一个人想要把自己弄受伤是有很多种手段,但想要将疼痛值消减在最小,办法可就少了。
郑嘉爵坐在椅子上,深呼吸了一口气,周围是提着医药箱,蓄势待发的医生。
虽然不明白为什么少爷要干这种无聊的事情,但作为医务人员,只要第一时间冲上去,替对方包扎,处理好伤口就行。

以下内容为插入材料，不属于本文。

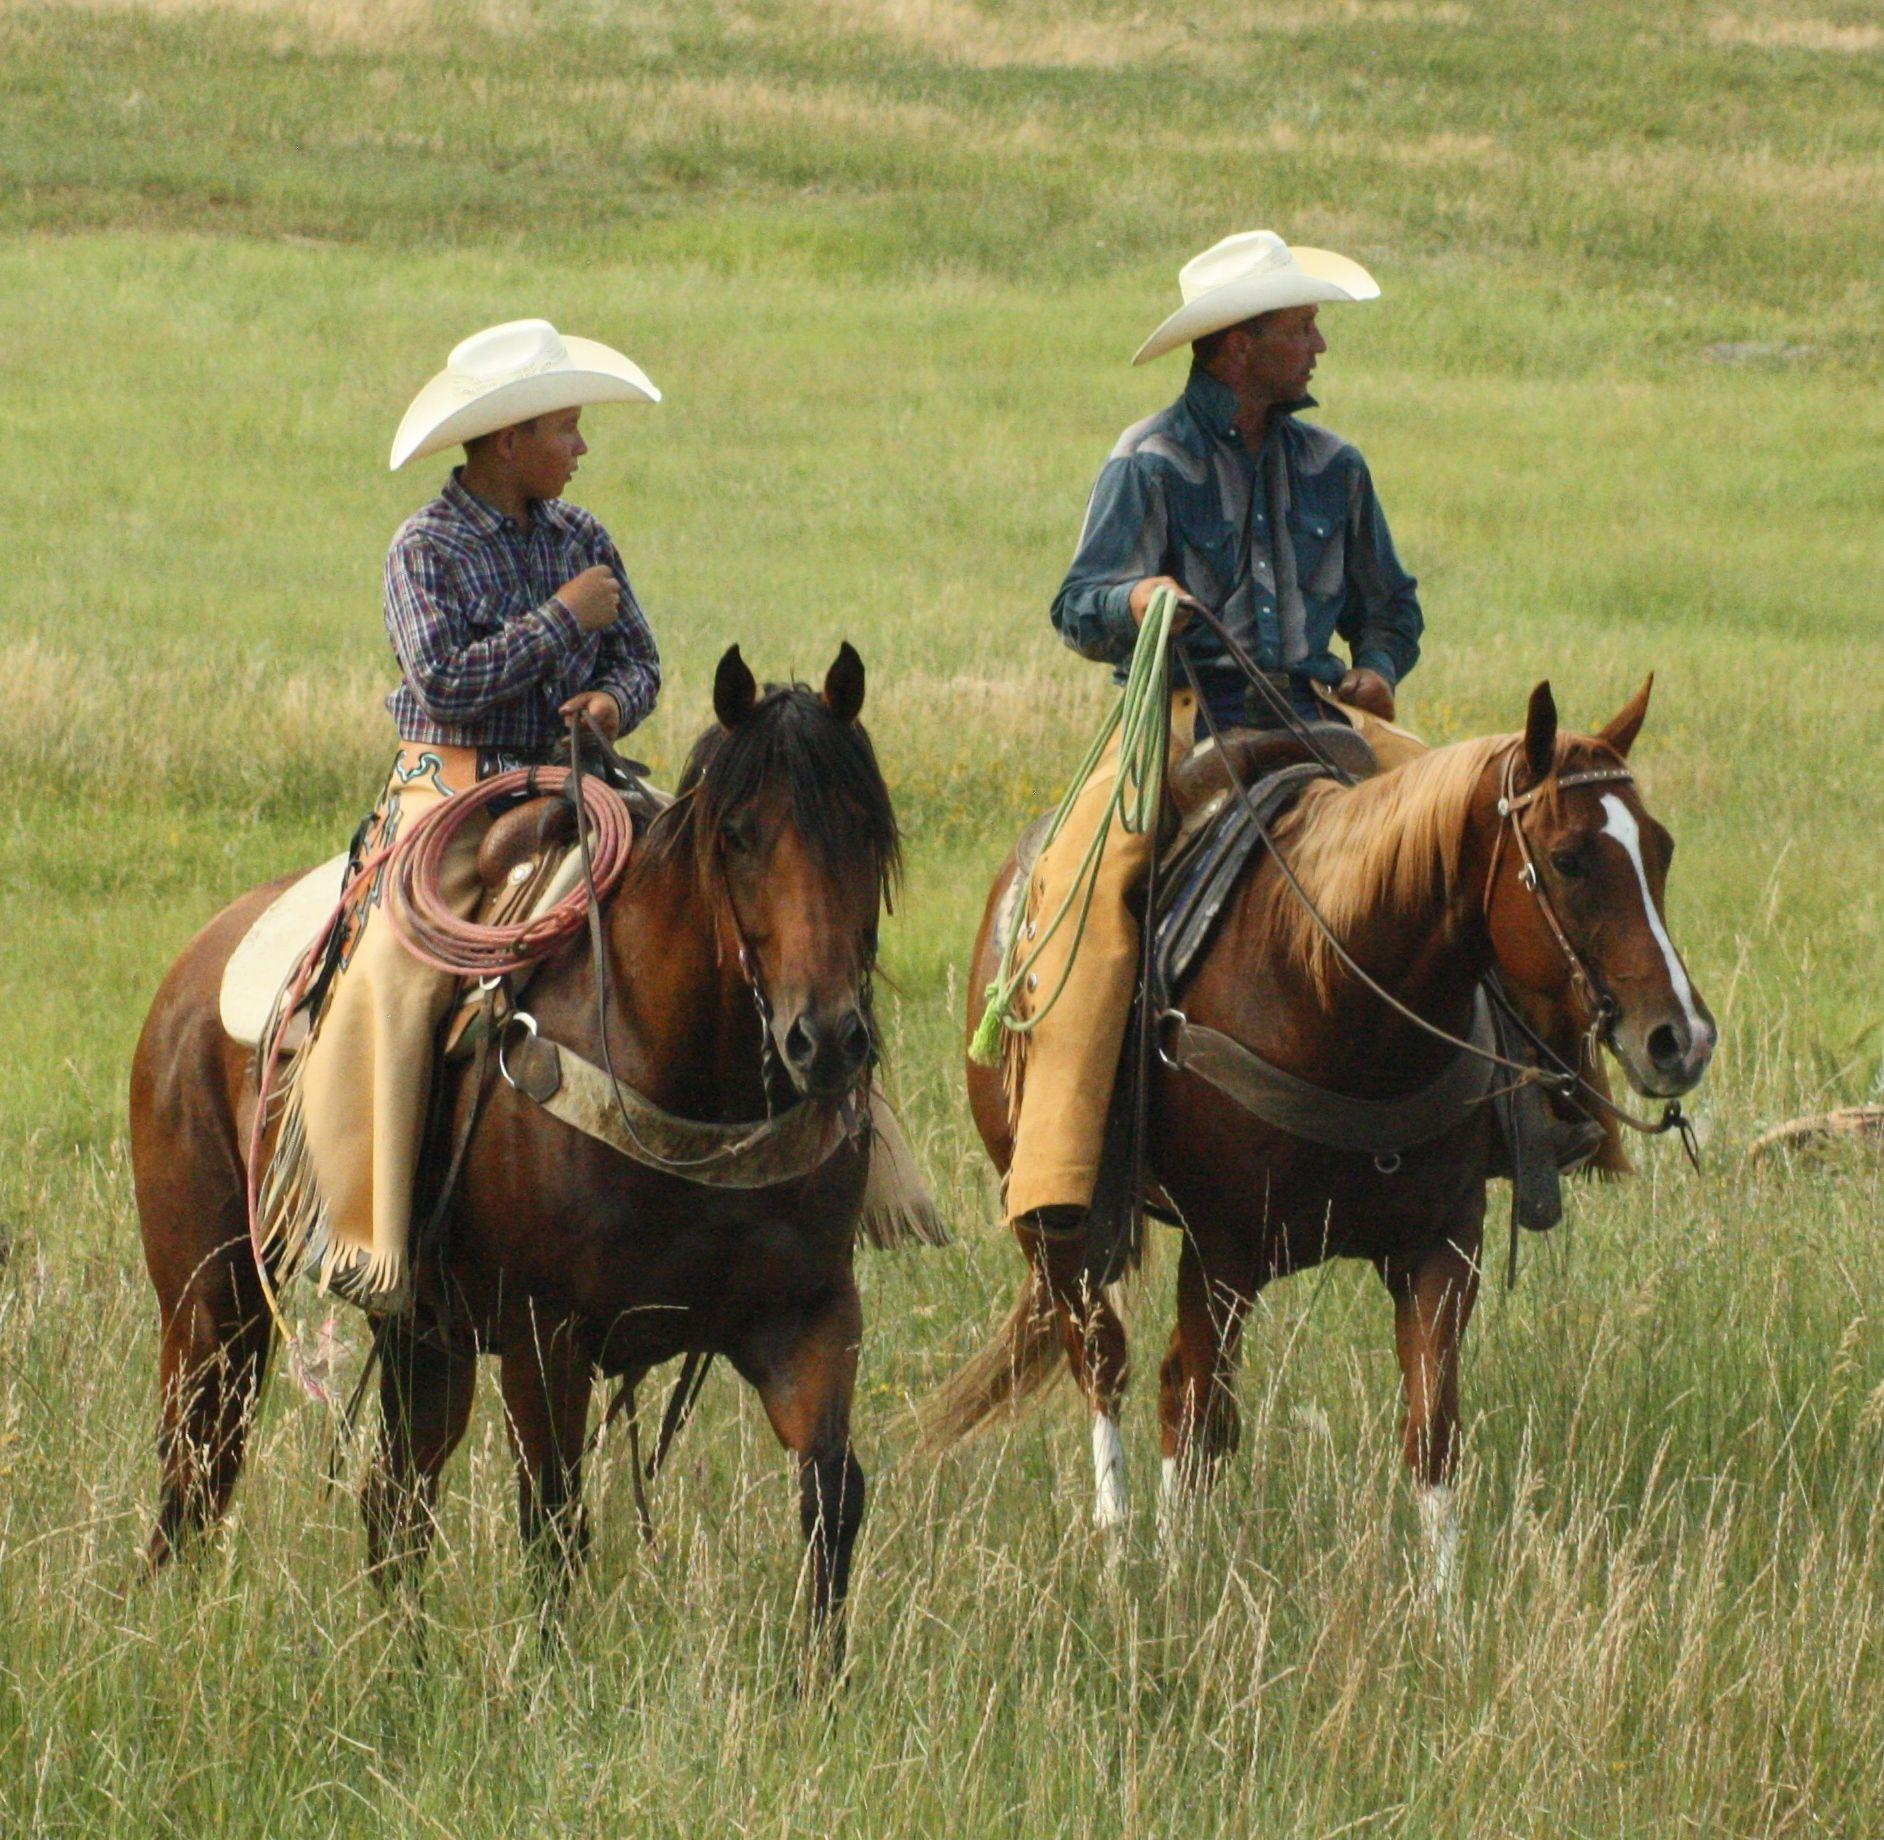 Full House Elite Performance Stock Horse Sale - June 20 - 21, 2014 in Newcastle, Wyoming

“我很了解林晚橘,她这人虽然长得漂亮,但却有一副蛇蝎心肠,如果是出手的话,一定是凶狠异常的。”
陈定川在一旁出主意。
“哎呀,你别说了,随便弄一两下得了,反正包扎之后,只要我演出痛不欲生的样子就行。”
郑嘉爵有些不耐烦。
挨打的又不是陈定川,弄得那么谨慎干什么。
“你把安雪当做什么了?”
陈定川眯着眼睛,他这么多年之所以能够吊着林晚橘,把对方训得跟哈巴狗一样,还是有些实际本领的。
“她可不是笨人,你我都知道的,她聪明的很。”
从小时候,陈定川就知道对方很聪明,要说为什么呢?
那得从沈安雪刚被她妈妈陈翠兰托付到亲戚家的时候说起,陈定川对于这个长得漂亮的小女孩,一见就心生欢喜。
可惜,对方几乎不怎么出门。
他也就没来得及交朋友。
不过两家相隔不远,沈安雪借住的亲戚家的围墙也不算特别高,只是拦一些鸡鸭鹅之类的。
小孩子垫几块火砖一下就能翻过去。
陈定川刚刚翻进邻居家的院子,就看见,沈安雪手里抱着一个兔子,死抱着不撒手,而另外一个,个子稍矮一点的男生却想上手抢夺。
“给我,你不给我,我就告诉妈妈!”
那孩子的尖锐哭声几乎响彻整个院子。
沈安雪满脸冷淡,就是不撒手,不过一偏头,却看见了一个陌生人。
“你是谁?”
沈安雪开口询问,眼神警惕,就像是一只狼幼崽,陈定川一时之间结巴了,不知道该怎样回答。
目光稍微偏移,落在那哭泣的男孩身上。
这人陈定川倒是认识,邻居大婶的亲儿子,长这么大了,竟然还一哭二闹的要抢女孩子的玩具。
陈定川真替对方感到脸上无光。
“陈定川。”
“我是隔壁家的,想和你交朋友。”
陈定川兜里揣着玻璃弹,略有些局促,也有些尴尬,他原本是想用这些和对方拉近距离交朋友的。
玻璃弹在村里面可流行了,自己拥有的款式最多。
结果却撞见这种场景。
沈安雪只是轻轻嗯了一声,彻底将兔子抢了过来,那男孩便在地上打滚。
“我的…我看上了,就是我的!”
沈安雪则是抱着兔子,快速的跑去了柴堆后面,陈定川犹豫片刻也跟着去了,完全不管那在地上打滚的男孩。
“你讨厌他?”
陈定川察觉出来。
“嗯。”
“兔子是妈妈寄给我的,我不可能给他。”
沈安雪紧紧抱着粉红兔子,眼里都是温柔眷恋,仿佛抱着这个兔子,就能感受母亲的温暖。
沈安雪话音刚落,院子里就传出女人的声音,尖锐、刻薄。
“沈安雪!”
“要弄饭了,还不帮忙洗菜,你在家白吃白喝,现在连活都懒得干了吗!”
“要我看就该饿你两顿,才晓得听话!”
沈安雪听见女人的呼喊,却不为所动,只是伸出手指,轻轻“嘘”了一声,示意陈定川安静。